** Exercise details **
Each line below containing the word "Center" needs to be shown.

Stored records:
_ _ _ _ _ _ _
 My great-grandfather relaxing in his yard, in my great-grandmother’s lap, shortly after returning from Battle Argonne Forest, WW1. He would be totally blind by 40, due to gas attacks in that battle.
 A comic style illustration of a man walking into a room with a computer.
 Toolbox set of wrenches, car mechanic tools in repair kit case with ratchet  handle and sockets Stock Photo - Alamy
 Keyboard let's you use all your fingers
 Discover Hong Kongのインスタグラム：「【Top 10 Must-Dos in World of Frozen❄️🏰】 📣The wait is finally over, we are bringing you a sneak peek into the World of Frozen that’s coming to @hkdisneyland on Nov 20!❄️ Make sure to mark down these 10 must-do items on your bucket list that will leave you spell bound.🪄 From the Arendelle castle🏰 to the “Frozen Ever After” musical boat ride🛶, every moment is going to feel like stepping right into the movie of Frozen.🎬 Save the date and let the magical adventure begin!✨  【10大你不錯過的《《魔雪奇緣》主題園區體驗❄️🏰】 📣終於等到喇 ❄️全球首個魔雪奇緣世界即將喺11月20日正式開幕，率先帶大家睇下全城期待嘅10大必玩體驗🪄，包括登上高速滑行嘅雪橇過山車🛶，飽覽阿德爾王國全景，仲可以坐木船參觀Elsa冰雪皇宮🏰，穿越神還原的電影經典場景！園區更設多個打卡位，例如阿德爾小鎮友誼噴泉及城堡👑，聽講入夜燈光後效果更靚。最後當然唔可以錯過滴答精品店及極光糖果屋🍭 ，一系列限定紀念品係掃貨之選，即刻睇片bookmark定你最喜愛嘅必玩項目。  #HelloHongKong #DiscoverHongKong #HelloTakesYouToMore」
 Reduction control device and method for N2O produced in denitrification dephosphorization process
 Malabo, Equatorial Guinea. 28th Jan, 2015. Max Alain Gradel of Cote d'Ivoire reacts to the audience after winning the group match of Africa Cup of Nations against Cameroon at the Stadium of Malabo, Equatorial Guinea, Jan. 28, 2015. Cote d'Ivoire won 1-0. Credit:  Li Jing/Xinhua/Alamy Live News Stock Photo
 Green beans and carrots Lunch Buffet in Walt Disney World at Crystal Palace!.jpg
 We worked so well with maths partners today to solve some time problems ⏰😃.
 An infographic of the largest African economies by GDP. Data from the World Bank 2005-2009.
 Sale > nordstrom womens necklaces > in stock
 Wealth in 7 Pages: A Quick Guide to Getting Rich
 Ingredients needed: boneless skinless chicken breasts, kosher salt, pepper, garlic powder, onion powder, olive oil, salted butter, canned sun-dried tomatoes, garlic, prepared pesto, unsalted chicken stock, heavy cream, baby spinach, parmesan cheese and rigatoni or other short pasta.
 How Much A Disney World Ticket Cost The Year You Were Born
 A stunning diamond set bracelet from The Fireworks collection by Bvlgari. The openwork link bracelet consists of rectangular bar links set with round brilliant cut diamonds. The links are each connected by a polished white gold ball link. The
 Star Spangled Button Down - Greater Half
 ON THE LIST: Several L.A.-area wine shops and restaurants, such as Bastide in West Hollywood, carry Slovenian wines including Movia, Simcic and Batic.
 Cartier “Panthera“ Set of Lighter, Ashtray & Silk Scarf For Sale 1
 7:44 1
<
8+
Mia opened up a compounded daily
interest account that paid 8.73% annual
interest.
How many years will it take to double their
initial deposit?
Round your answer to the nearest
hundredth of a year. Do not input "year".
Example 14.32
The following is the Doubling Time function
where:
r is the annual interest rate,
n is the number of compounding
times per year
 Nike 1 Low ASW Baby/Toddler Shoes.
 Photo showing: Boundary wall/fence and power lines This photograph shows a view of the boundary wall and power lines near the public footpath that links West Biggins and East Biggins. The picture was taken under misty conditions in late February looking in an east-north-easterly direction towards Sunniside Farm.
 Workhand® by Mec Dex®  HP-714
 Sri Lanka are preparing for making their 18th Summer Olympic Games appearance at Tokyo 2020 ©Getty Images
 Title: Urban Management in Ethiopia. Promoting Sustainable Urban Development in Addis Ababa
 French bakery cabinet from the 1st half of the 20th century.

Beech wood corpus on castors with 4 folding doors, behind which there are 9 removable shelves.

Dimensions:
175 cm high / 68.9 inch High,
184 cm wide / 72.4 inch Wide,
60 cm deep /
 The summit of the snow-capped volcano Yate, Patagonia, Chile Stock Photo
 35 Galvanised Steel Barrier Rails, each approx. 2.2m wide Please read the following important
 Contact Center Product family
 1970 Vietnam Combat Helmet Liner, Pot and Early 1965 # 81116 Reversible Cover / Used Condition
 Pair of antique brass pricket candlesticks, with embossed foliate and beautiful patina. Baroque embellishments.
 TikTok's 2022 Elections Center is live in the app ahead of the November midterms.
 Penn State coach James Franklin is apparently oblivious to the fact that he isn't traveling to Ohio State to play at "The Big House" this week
_ _ _ _ _ _ _
** Written solution **
 Contact Center Product family
 TikTok's 2022 Elections Center is live in the app ahead of the November midterms.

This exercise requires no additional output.